单光心反射折射摄像机的标定一般可以分为三类：一类是利用标定物进行标定，如利用一维标定杆、标定球、三维标定块等，由于已知三维到二维的精确对应，这类方法标定精度较高，但是需要制作精密的标定物，因而灵活性较差，适用范围较小；第二类是不需要任何场景信息，利用多幅图像中的点对应进行自标定，这类方法适用范围广，但是，由于反射折射图像有很大的畸变，寻找点对应本身就是一个非常困难的任务，因而标定精度较差；第三类是基于直线的反射折射投影，直线是人造场景中普遍存在的几何元素，一条空间直线的单光心反射折射图像是一个二次曲线段，这类方法一般都需要对直线的像进行二次曲线拟合，标定的精度严重依赖于曲线拟合的精度。然而，由于镜面遮挡，一条空间直线的像仅仅占整个二次曲线的一小段，这使得曲线拟合的效果非常差，从而标定精度较差。The calibration of a single optical center catadioptric camera can generally be divided into three categories: one is to use calibration objects for calibration, such as using one-dimensional calibration rods, calibration balls, three-dimensional calibration blocks, etc. This type of method has high calibration accuracy, but needs to make precise calibration objects, so the flexibility is poor and the scope of application is small; the second type does not require any scene information, and uses the point correspondence in multiple images to perform self-calibration. However, due to the large distortion of the catadioptric image, finding the point correspondence itself is a very difficult task, so the calibration accuracy is poor; the third category is based on the catadioptric projection of the straight line, and the straight line is an artificial scene. The ubiquitous geometric elements in , the catadioptric image of a single optical center of a straight line in space is a quadratic curve segment. This kind of method generally needs to fit the quadratic curve to the image of the straight line, and the calibration accuracy depends heavily on the curve fitting. accuracy. However, due to the occlusion of the specular surface, the image of a straight line in space only occupies a small section of the entire quadratic curve, which makes the curve fitting effect very poor, resulting in poor calibration accuracy.

申请号为CN201010222347.2的发明专利申请就公开了一种从图像序列中计算摄像机焦距的实时方法，包括以下步骤：从图像序列中选取相邻两张图像；对所述的两张图像进行特征点匹配以得到匹配点对；对所述匹配点对中任意七组匹配点对求解以得到焦距的多个可能解；评估所述每个可能解的准确性且把评估值作为所述每个可能解的权重；依据所述权重对所述每个可能解计算加权求和以评估得到焦距的概率密度函数；在所述焦距的概率密度函数曲面上多次采样以得到多个采样点；运用高斯函数拟合所述采样点，并以所述函数峰值作为最终焦距值。具备上述步骤的从图像序列中计算摄像机焦距的实时方法，存在灵活性较差，适用范围较小的严重缺陷。The invention patent application with the application number CN201010222347.2 discloses a real-time method for calculating the focal length of a camera from an image sequence, which includes the following steps: selecting two adjacent images from the image sequence; characterizing the two images point matching to obtain matching point pairs; solving any seven groups of matching point pairs in the matching point pairs to obtain a plurality of possible solutions of the focal length; evaluating the accuracy of each possible solution and using the evaluation value as each The weight of the possible solution; calculate the weighted summation for each possible solution according to the weight to evaluate the probability density function of the focal distance; multiple sampling on the probability density function surface of the focal distance to obtain a plurality of sampling points; use A Gaussian function is used to fit the sampling points, and the peak value of the function is used as the final focal length value. The real-time method of calculating the camera focal length from the image sequence with the above steps has serious defects of poor flexibility and small scope of application.

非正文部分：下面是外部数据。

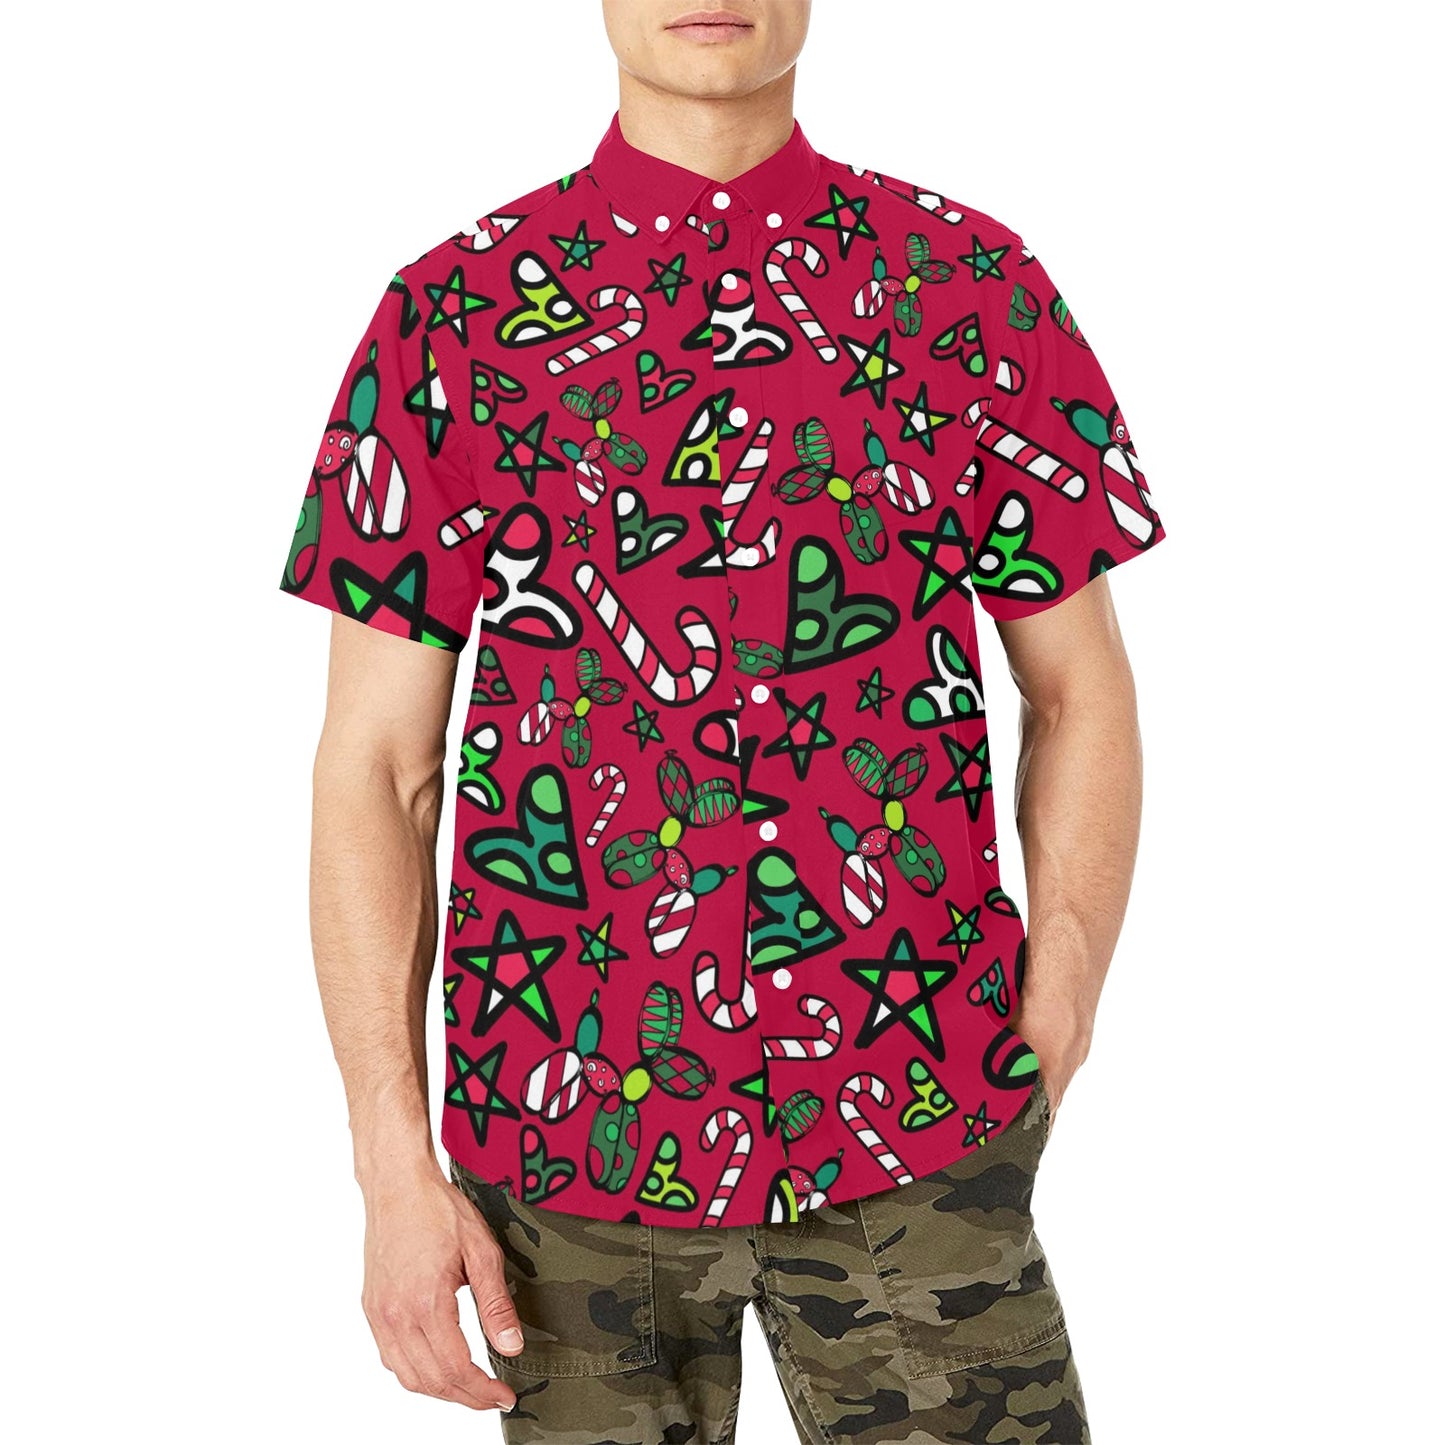 Red Christmas shirt with pockets for balloon twisting

发明内容 Contents of the invention

本发明的目的就是克服现有技术中的不足，提供一种灵活性好、适用范围广、标定精度较高的基于空间共线点的单光心反射折射摄像机焦距标定方法。The purpose of the present invention is to overcome the deficiencies in the prior art and provide a method for calibrating the focal length of a single optical center catadioptric camera based on spatial collinear points with good flexibility, wide application range and high calibration accuracy.

为解决现有技术中的问题，本发明基于空间共线点的单光心反射折射摄像机焦距标定方法，包括以下步骤：In order to solve the problems in the prior art, the method for calibrating the focal length of a single optical center catadioptric camera based on spatially collinear points in the present invention includes the following steps:

1)获取图像点集：提取反射折射图像的边缘，从图像的边缘得到属于一条空间直线的图像点集；1) Obtain image point set: extract the edge of the catadioptric image, and obtain an image point set belonging to a spatial straight line from the edge of the image;

2)随机采样：从步骤1)获取的图像点集中随机采样M组图像点，每组图像点由三个不同的图像点组成，其中M≥1；2) Random sampling: randomly sample M groups of image points from the image point set obtained in step 1), each group of image points is composed of three different image points, wherein M≥1;

3)约束方程的建立与求解：确定步骤2)中采样的每组图像点关于焦距的多项式约束方程，并求解得到M个焦距估计值；3) Establishment and solution of the constraint equation: determine the polynomial constraint equation of each group of image points sampled in step 2) about the focal length, and solve to obtain M focal length estimates;

4)焦距的确定：对步骤3)中得到的M个焦距估计值进行预处理，利用单位视球成像模型中空间点的射影性质，根据预处理后的每个焦距估计值，分别确定与步骤1获取的图像点集对应的空间点在单位视球上的投影点集，利用该投影点集，拟合一个通过单位视球球心的平面，计算该投影点集到该平面的平均距离，对应最小平均距离的焦距估计值即为所确定的单光心反射折射摄像机的焦距。4) Determination of the focal length: preprocess the M estimated focal lengths obtained in step 3), use the projective properties of the spatial points in the unit visual sphere imaging model, and determine and step respectively according to each focal length estimated value after preprocessing 1 The projection point set of the spatial point corresponding to the acquired image point set on the unit viewing sphere, using the projection point set to fit a plane passing through the center of the unit viewing sphere, and calculating the average distance from the projection point set to the plane, The focal length estimate corresponding to the minimum average distance is the determined focal length of the single optical center catadioptric camera.

上述方法中，步骤1)中所述提取反射折射图像的边缘是通过基于Canny算子的边缘提取方法。In the above method, the edge extraction of the catadioptric image described in step 1) is through the edge extraction method based on Canny operator.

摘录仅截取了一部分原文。